By the way, English is also very important , It doesn't mean that it will run out in two years 2333
Reference resources :
- Morsel-Driven Parallelism: A NUMA-Aware Query Evaluation Framework for the Many-Core Age Interpretation of the thesis
- Morsel-Driven Parallelism: A NUMA-Aware Query Evaluation Framework for the Many-Core Age
- from false sharing To cache consistency , This is actually closely related to us
- Corey: an operating system for many cores.
- Everything you always wanted to know about synchronization but were afraid to ask.
- EXCHANGE operator
- OLAP Concurrent execution and scheduling of tasks
- PolarDB-X oriented HTAP Hybrid actuators for
- JOIN Optimization and execution of subqueries
- Parallel queries (Parallel Query)
- PolarDB The past and present life of parallel query
- The depth resolution PolarDB Database parallel query technology
- Push versus pull-based loop fusion in query engines
- Push still Pull, Is this a question ?
边栏推荐
- Analysis of semaphore source code of AQS
- Gstreamer应用开发实战指南(二)
- Missing digit JS in sword finger 0~n-1
- Xtrabackup backup and recovery
- MarathonLb的负载研究
- Youshimu V8 projector opens the "vision" field of high fresh
- Load research of Marathon LB
- 材料之kube-dns.yaml
- Design owlook network novel recommendation system
- AQS 之 ReentrantReadWriteLock 源码分析
猜你喜欢

YOLOv5的Tricks | 【Trick7】指数移动平均(Exponential Moving Average,EMA)

In 2022, the database audit manufacturer will choose cloud housekeeper!
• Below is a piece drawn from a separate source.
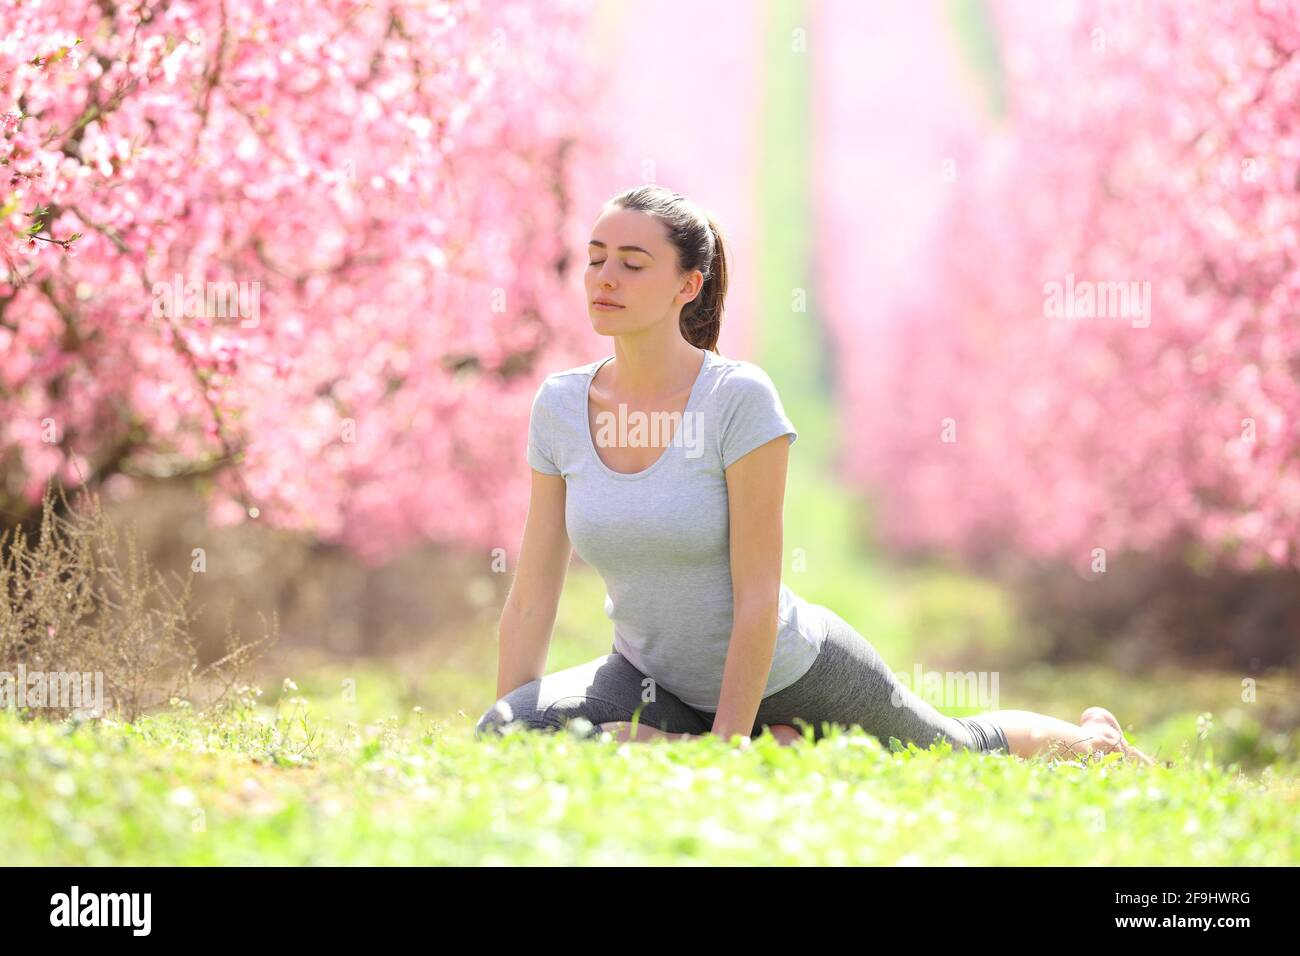 Femme concentrée pratiquant l'exercice de yoga sur l'herbe dans un champ fleuri au printemps Banque D'Images
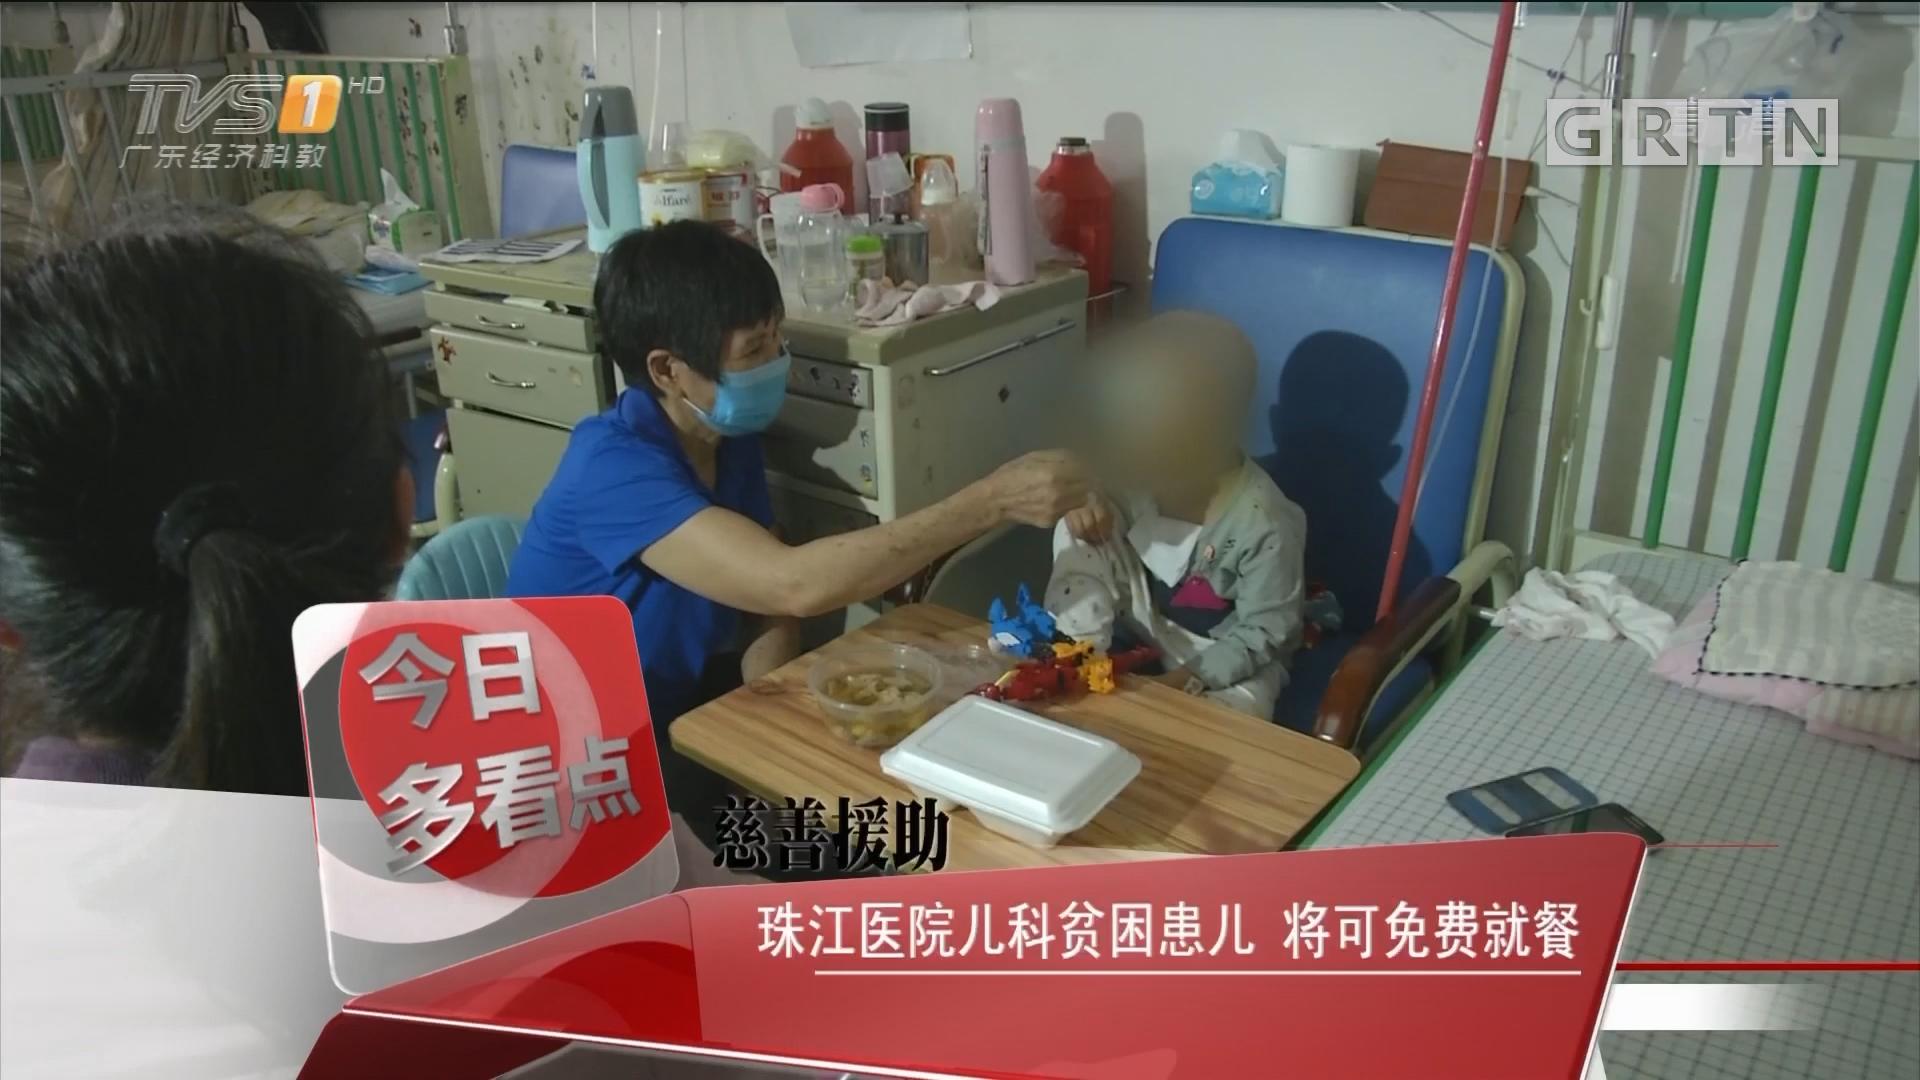 慈善援助:珠江医院儿科贫困患儿 将可免费就餐

Powerful!

Yolov5-6.0系列 | yolov5的模块设计

latex中\cdots后面接上句子,后面的句子格式会乱怎么回事。

力扣今日题-1037. 有效的回旋镖

Li Kou today's question -1037 Effective boomerang

AI video cloud: a good wife in the era of we media

冒泡排序,打印菱形,打印直角三角形,打印倒三角,打印等边三角形,打印九九乘法表

redis 缓存雪崩、穿透、击穿问题
![[it] Fuxin PDF Keeping Tool Selection](/img/1e/87dbd435e830c139bc3d5cf86d6d57.png)
[it] Fuxin PDF Keeping Tool Selection
随机推荐
Tricks | [trick6] learning rate adjustment strategy of yolov5 (one cycle policy, cosine annealing, etc.)
冒泡排序,打印菱形,打印直角三角形,打印倒三角,打印等边三角形,打印九九乘法表
@Differences between jsonformat and @datetimeformat
Li Kou today's question -1037 Effective boomerang
Kube dns yaml
Myql error expression 1 of select list is not in group by claim and contains nonaggregated column
Gstreamer应用开发实战指南(三)
seaweedfs-client适配高版本的seaweedfs服务
Requests segmented downloading of files and multi-threaded downloading
Gstreamer应用开发实战指南(四)
Connecting pyqt5 and SQL Server Databases
validate-npm-package-name
The principle and implementation of lazy image loading
Windows uses php to start ThinkPHP project and deploy configuration
A few minutes to understand the Flink waterline
The 27th issue of product weekly report | members' new interests of black users; CSDN app v5.1.0 release
AspNetPager combines stored procedure paging to speed up access
MySQL add field or create table SQL statement
Alibaba cloud AI training camp -sql basics 5: window functions, etc
In latex, \cdots is followed by a sentence. What's wrong with the format of the following sentence.